Chen Wenan, Zhang Silu, Williams Justin, Ju Bensheng, Shaner Bridget, Easton John, Wu Gang, Chen Xiang
Center for Applied Bioinformatics, St. Jude Children's Research Hospital, Memphis, TN, United States.
Department of Diagnostic Imaging, St. Jude Children's Research Hospital, Memphis, TN, United States.
Comput Struct Biotechnol J. 2020 Mar 30;18:861-873. doi: 10.1016/j.csbj.2020.03.026. eCollection 2020.

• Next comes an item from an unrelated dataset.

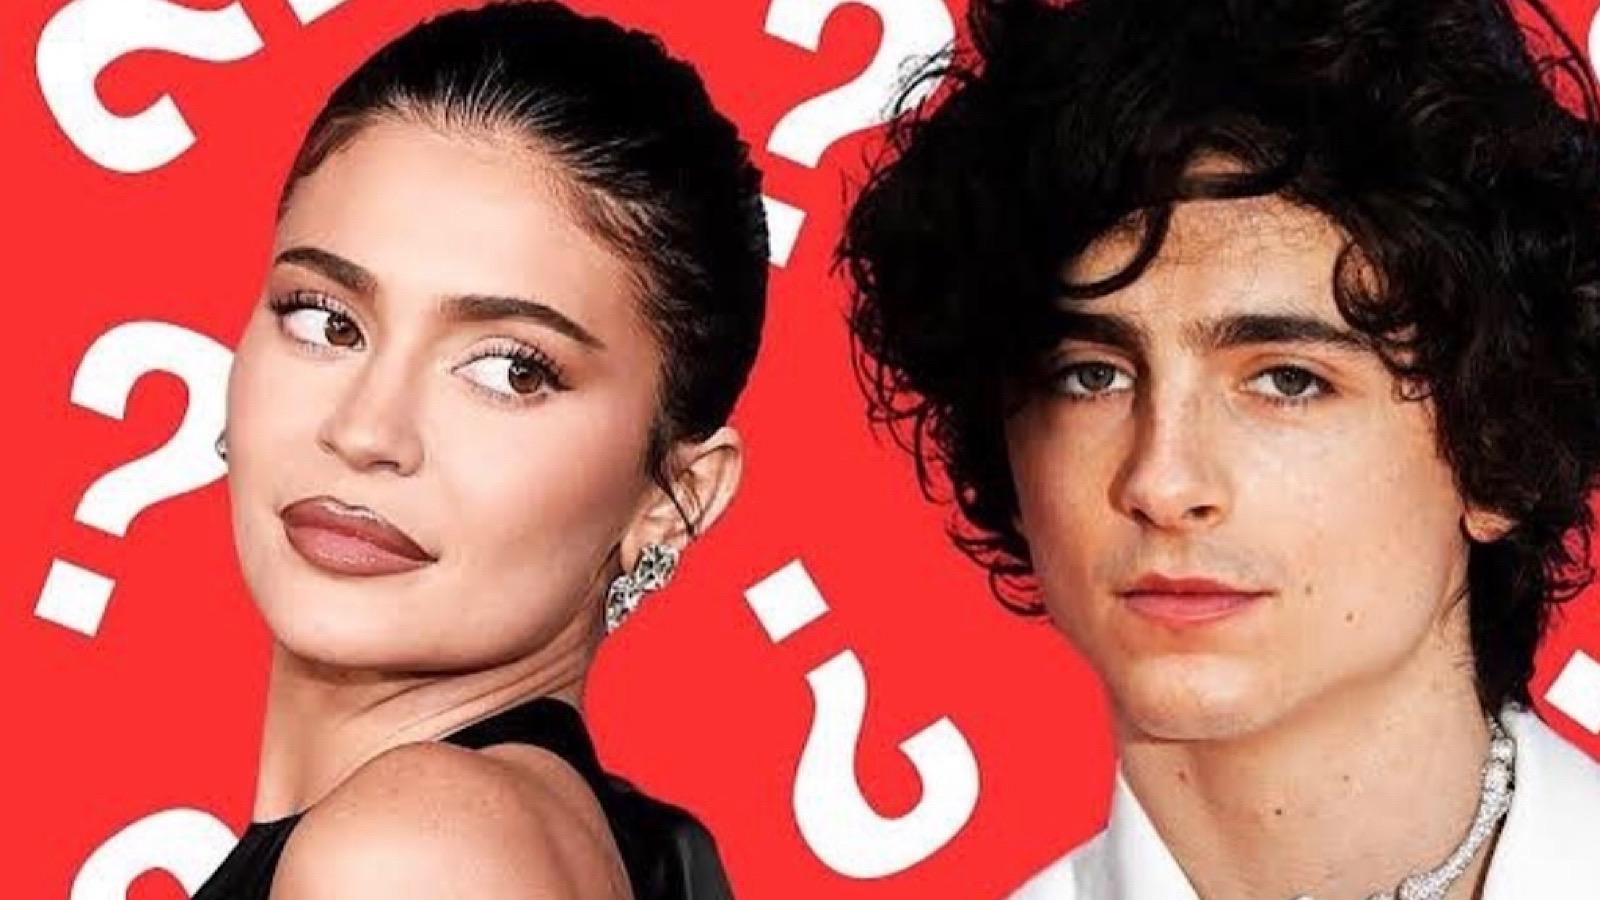 Are Kylie Jenner and Timothee Chalamet still dating?

Accounting for batch effects, especially latent batch effects, in differential expression (DE) analysis is critical for identifying true biological effects. Single-cell RNA sequencing (scRNA-seq) is a powerful tool for quantifying cell-to-cell variation in transcript abundance and characterizing cellular dynamics. Although many scRNA-seq DE analysis methods accommodate known batch variables, their performance has not been systematically evaluated. Moreover, the challenge of accounting for latent batch variables in scRNA-seq DE analysis is largely unmet. In contrast, many methods have been developed to account for batch variables (either known or latent) in other high-dimensional data, especially bulk RNA-seq. We extensively evaluate 11 methods for batch variables in different scRNA-seq DE analysis scenarios, with a primary focus on latent batch variables. We demonstrate that for known batch variables, incorporating them as covariates into a regression model outperformed approaches using a batch-corrected matrix. For latent batches, fixed effects models have inflated FDRs, whereas aggregation-based methods and mixed effects models have significant power loss. Surrogate variable based methods generally control the FDR well while achieving good power with small group effects. However, their performance (except that of SVA) deteriorated substantially in scenarios involving large group effects and/or group label impurity. In these settings, SVA achieves relatively good performance despite an occasionally inflated FDR (up to 0.2). Finally we make the following recommendations for scRNA-seq DE analysis: 1) incorporate known batch variables instead of using batch-corrected data; and 2) employ SVA for latent batch correction. However, better methods are still needed to fully unleash the power of scRNA-seq.
在差异表达(DE)分析中考虑批次效应,尤其是潜在批次效应,对于识别真正的生物学效应至关重要。单细胞RNA测序(scRNA-seq)是一种强大的工具,可用于量化转录本丰度中的细胞间差异并表征细胞动态。尽管许多scRNA-seq DE分析方法考虑了已知的批次变量,但其性能尚未得到系统评估。此外,在scRNA-seq DE分析中考虑潜在批次变量的挑战在很大程度上尚未得到解决。相比之下,已经开发了许多方法来考虑其他高维数据中的批次变量(已知或潜在),尤其是批量RNA-seq。我们在不同的scRNA-seq DE分析场景中广泛评估了11种处理批次变量的方法,主要关注潜在批次变量。我们证明,对于已知的批次变量,将它们作为协变量纳入回归模型的方法优于使用批次校正矩阵的方法。对于潜在批次,固定效应模型的错误发现率(FDR)过高,而基于聚合的方法和混合效应模型则存在显著的功效损失。基于替代变量的方法通常能很好地控制FDR,同时在小组效应下具有良好的功效。然而,在涉及大组效应和/或组标签不纯的场景中,它们的性能(SVA除外)会大幅下降。在这些情况下,尽管SVA偶尔会出现过高的FDR(高达0.2),但其性能相对较好。最后,我们对scRNA-seq DE分析提出以下建议:1)纳入已知的批次变量,而不是使用批次校正后的数据;2)采用SVA进行潜在批次校正。然而,仍需要更好的方法来充分发挥scRNA-seq的功效。